9) “The Unsinkable Molly Brown Spittoon” (2008) Every year I donate something to Rocky Mountain PBS station and this year I got inspired and created an epic tale to grace a spittoon. It sold for $250.00… cheap! It’s definitely a one of a kind.10) “Wally creates the ultimate political reality TV show: ‘The Perils of Palin” and “Wally defends Sarah Palin’s stand on hunting wolves with helicopters with some folksy backwoods wisdom” (2008) These two adventures celebrate the overwhelming national spotlight on that spunky right-wing Alaskan governor that dropped into our laps a few months ago. I’m hoping that she will go away now, but only time will tell.
If you happen to have any old Wally ceramics out there that might be worthy of this list, feel free to post the titles below.

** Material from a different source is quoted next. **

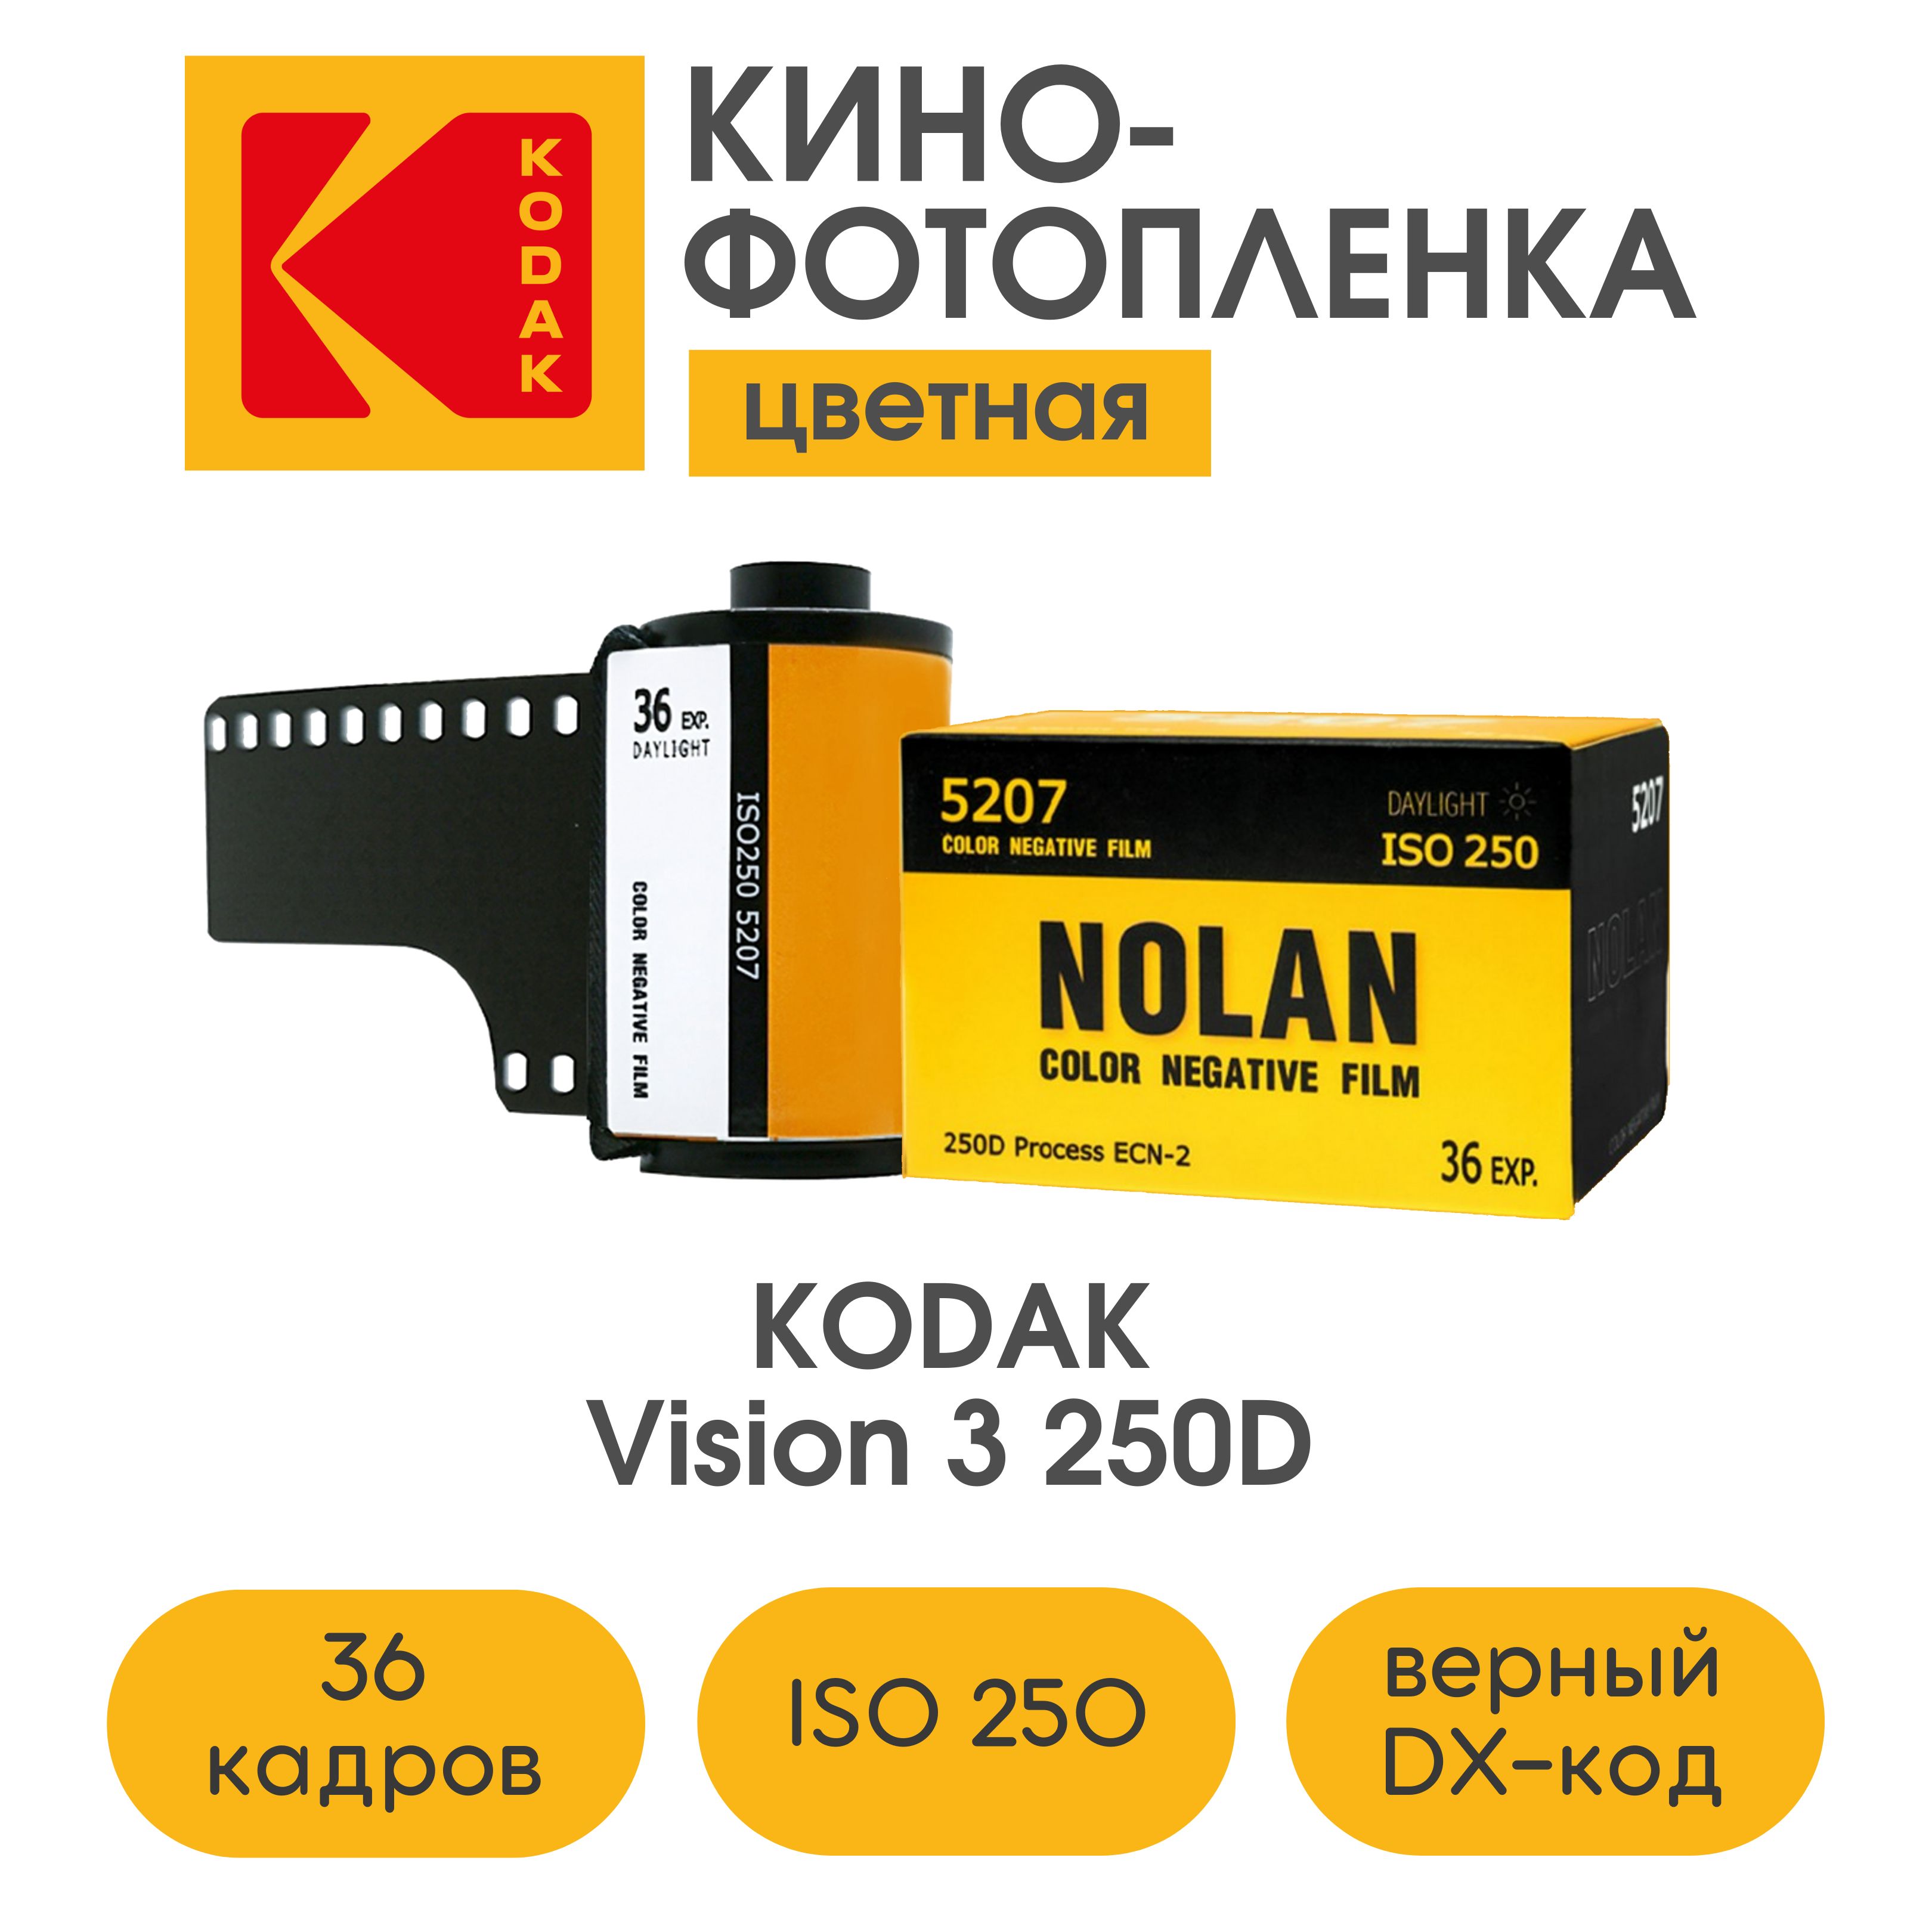 киношная фотопленка kodak vision 3 250d в nolan film, iso 250, 36 кадров, кино
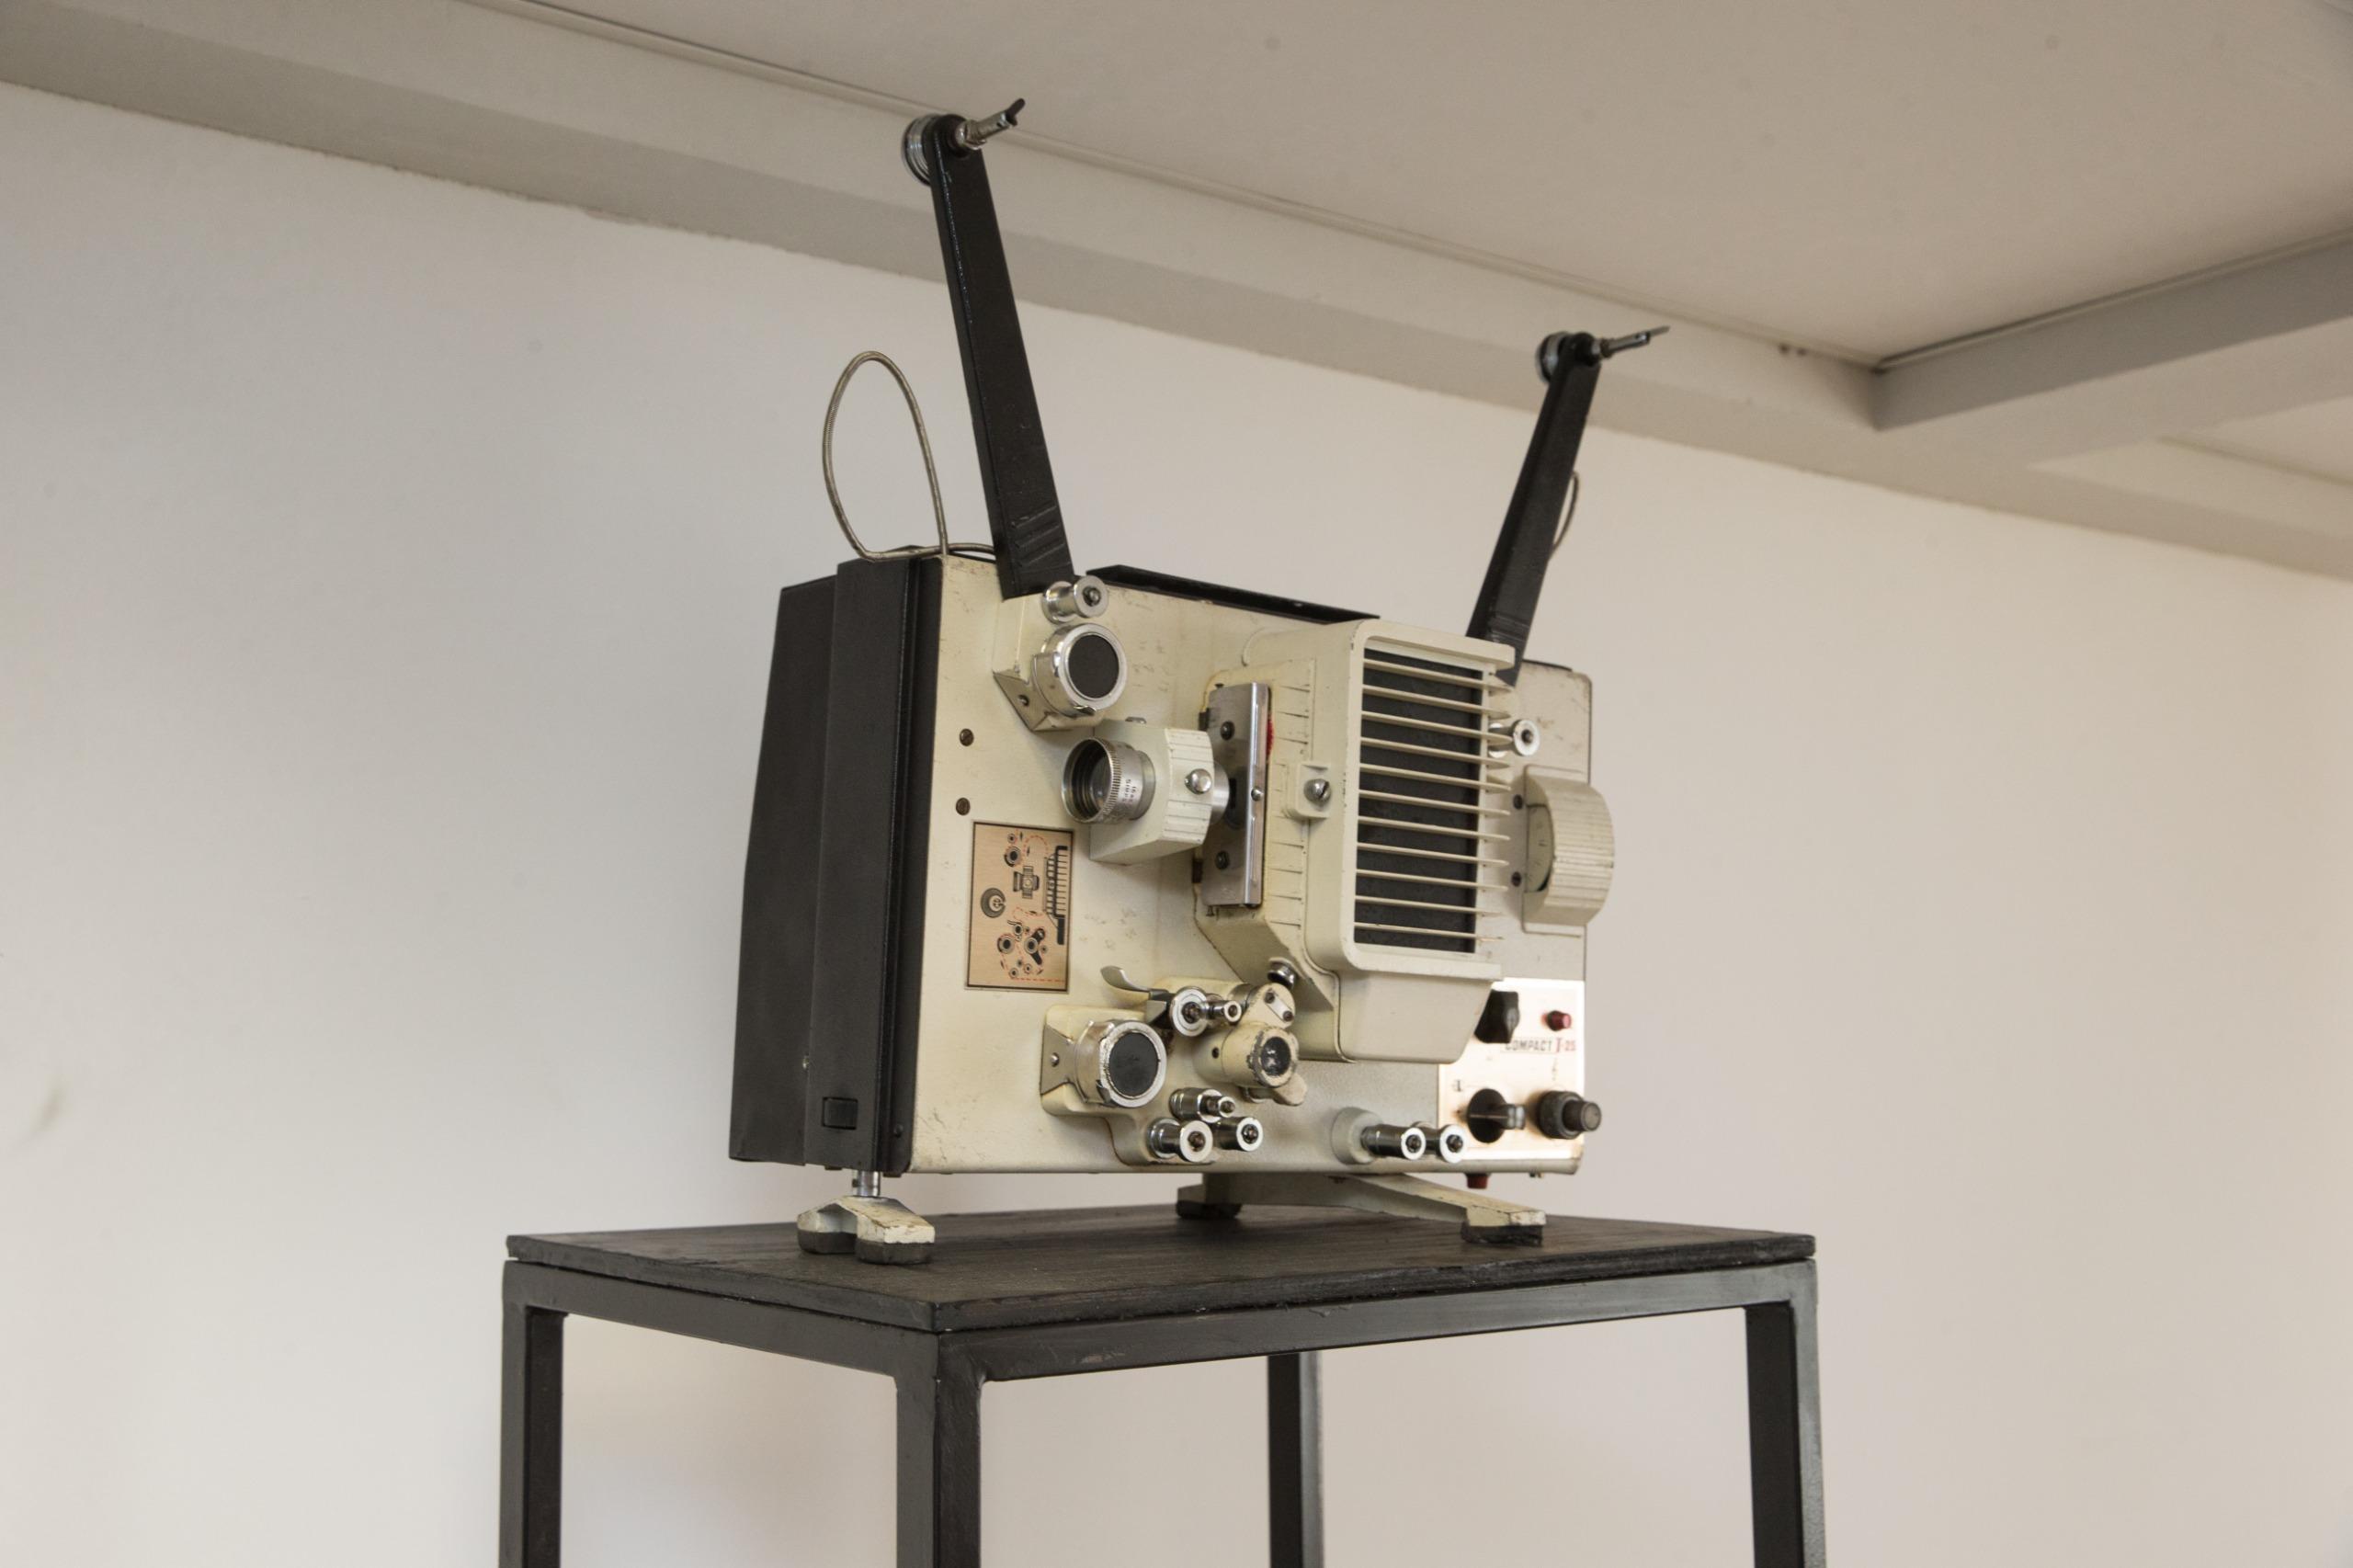 Itens históricos que eram usados no Cine Nazaré, como este projetor de 16 mm, compõem acervo da Sala Seu Vavá

The really odd thing about doing this line of pottery for as long as I have is the fact that there are pots out there that I don’t even remember making. I have shoe boxes full of photos and memorabilia, but I don’t have records of everything I’ve done. It’s going to be an interesting task for folk art historians of the future to nail down all those esoteric designs out there!

2 comments:

irenie said...

Our favorites are any of the Grateful Dead Wallys!

Vicki said...

I have two Wallys I haven't seen on here (or I may have missed). A bowl, "The Creation of Wally" and a plate, "Wally sells his 600 sq ft dog penthouse in NYC for a small fortune and heads for Sanibel Island ". I also have an early Espresso mug.